One of the most significant provisions in the United States Constitution is the Supremacy Clause, which declares the Constitution as the “supreme Law of the Land.

Although the Supremacy Clause is widely accepted today and plays a vital role in the undertaking of governmental powers, it was controversial during the years of this nation’s founding.

From 1781-1789, this budding American nation was governed by the Articles of Confederation, wherein the union of states operated as independent entities without official obligation to uphold the Constitution, which caused political disputes.

The proposed precursor to the Supremacy Clause sought to negate “all state laws that Congress deemed ‘improper,”’ but was quickly defeated, because states were not fond of the idea to give Congress additional authority out of fear it would diminish states’ powers.

As a solution to these disputes, the Supremacy Clause was written to specify the power of the federal government under the Constitution and to unite the states with a common provision.

According to Article VI, Clause 2 of the U.S. Constitution, the Supremacy Clause reads:

“This Constitution, and the Laws of the United States which shall be made in Pursuance thereof; and all Treaties made, or which shall be made, under the Authority of the United States, shall be the supreme Law of the Land; and the Judges in every State shall be bound thereby, any Thing in the Constitution or Laws of any State to the Contrary notwithstanding.”

This statement, “made in Pursuance thereof…shall be the supreme Law of the Land,” is both monumental and limiting. The U.S. The Supreme Court can constitutionally ONLY opine on the 18 powers delegated in the US Constitution. The 18 powers pertain to the Federal Government’s ability to:

    1. Collect taxes
    2. Borrow money
    3. Regulate commerce
    4. Establish uniform laws
    5. Fix standard weights of measurement and coin money
    6. Punish counterfeiters
    7. Establish post offices and post roads
    8. Protect intellectual property
    9. Create tribunals
    10. Define and punish maritime crimes
    11. Declare war
    12. Support armies for up to 2 years
    13. Support a navy
    14. Regulate land and naval forces
    15. Calling militias
    16. Organizing militias
    17. Govern The Capitol
    18. Make laws necessary to execute these powers

Congress, the Supreme Court, and any other branch of the Federal Government must stay within these powers or else they are guilty of usurpation. The Supremacy Clause is a double-edged sword, placing limitations on the states and restricting the powers of the US Federal Government to these 18 powers delegated in the Constitution.
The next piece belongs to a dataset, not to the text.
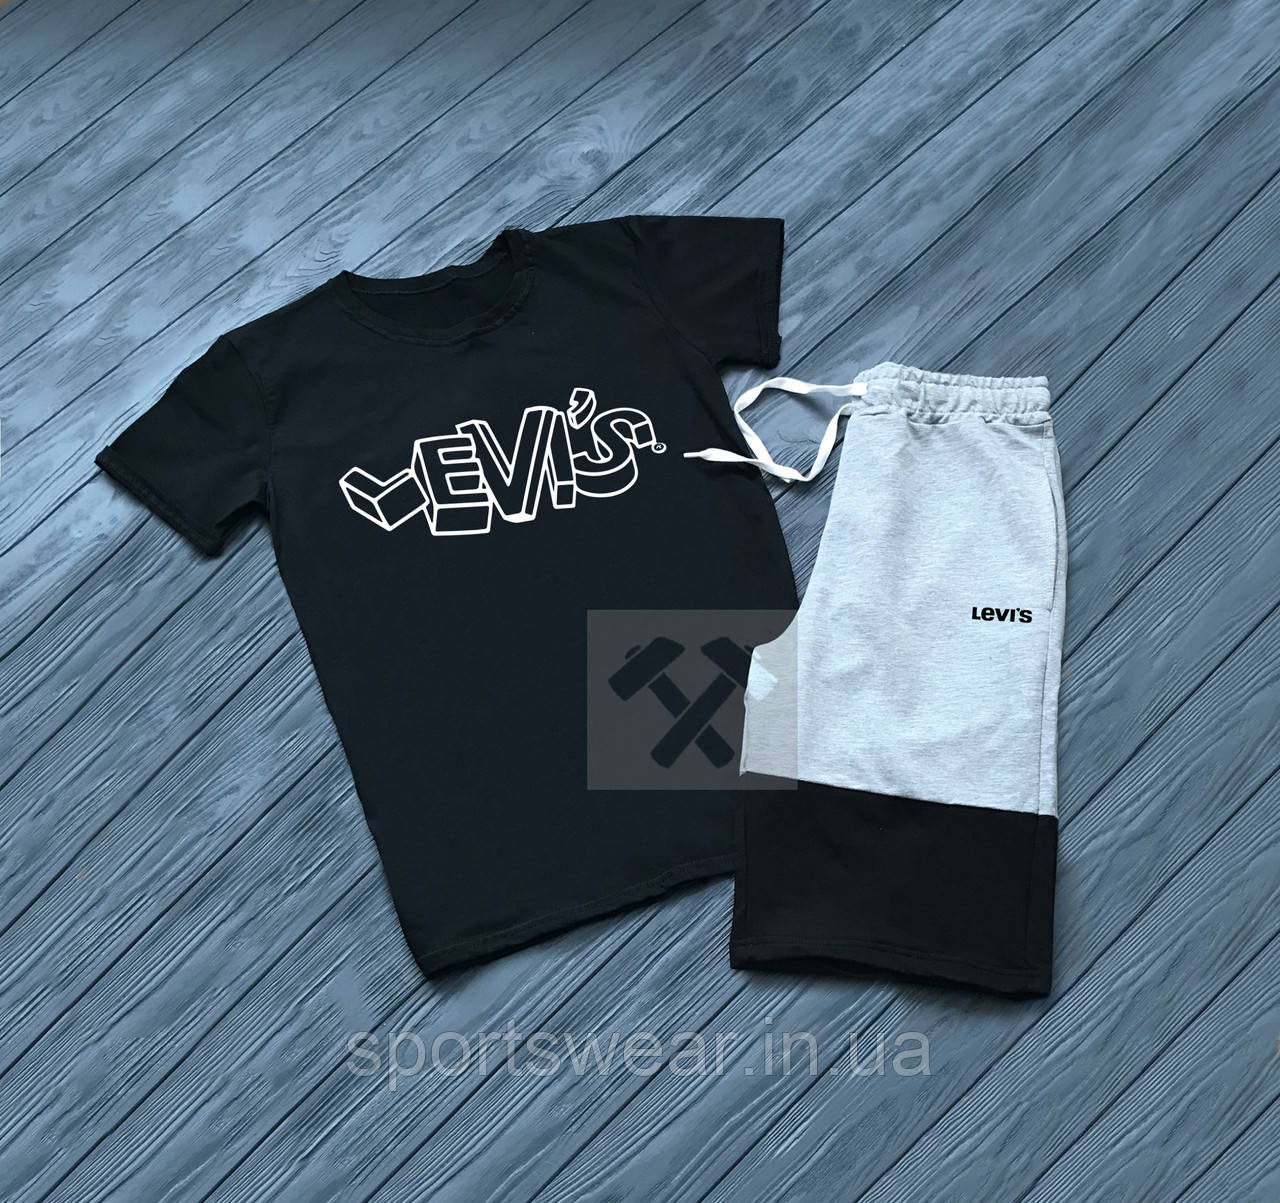 

Мужской комплект футболка + шорты Levis черного и серого цвета "" В стиле Levi's ""

The Supremacy Clause was designed to maintain a unified promise between states, but the Federal Government today exercises its authority through the Supremacy Clause to discourage states from creating laws that implicate any disagreement with existing federal laws entirely, per the interpretation of the Federal Government, thus expanding their powers beyond the 18 delegated to them.

Alexander Hamilton specified in the Federalist Paper No. 78 “that every act of a delegated authority, contrary to the tenor of the commission under which it is exercised, is void. No legislative act therefore contrary to the constitution can be valid.” This was for the distinct purpose of delegating powers of representatives of the people as servants of the people so that they do not enact laws beyond their reasonable authority, stating, “the constitution ought to be preferred to the statute, the intention of the people to the intention of their agents.”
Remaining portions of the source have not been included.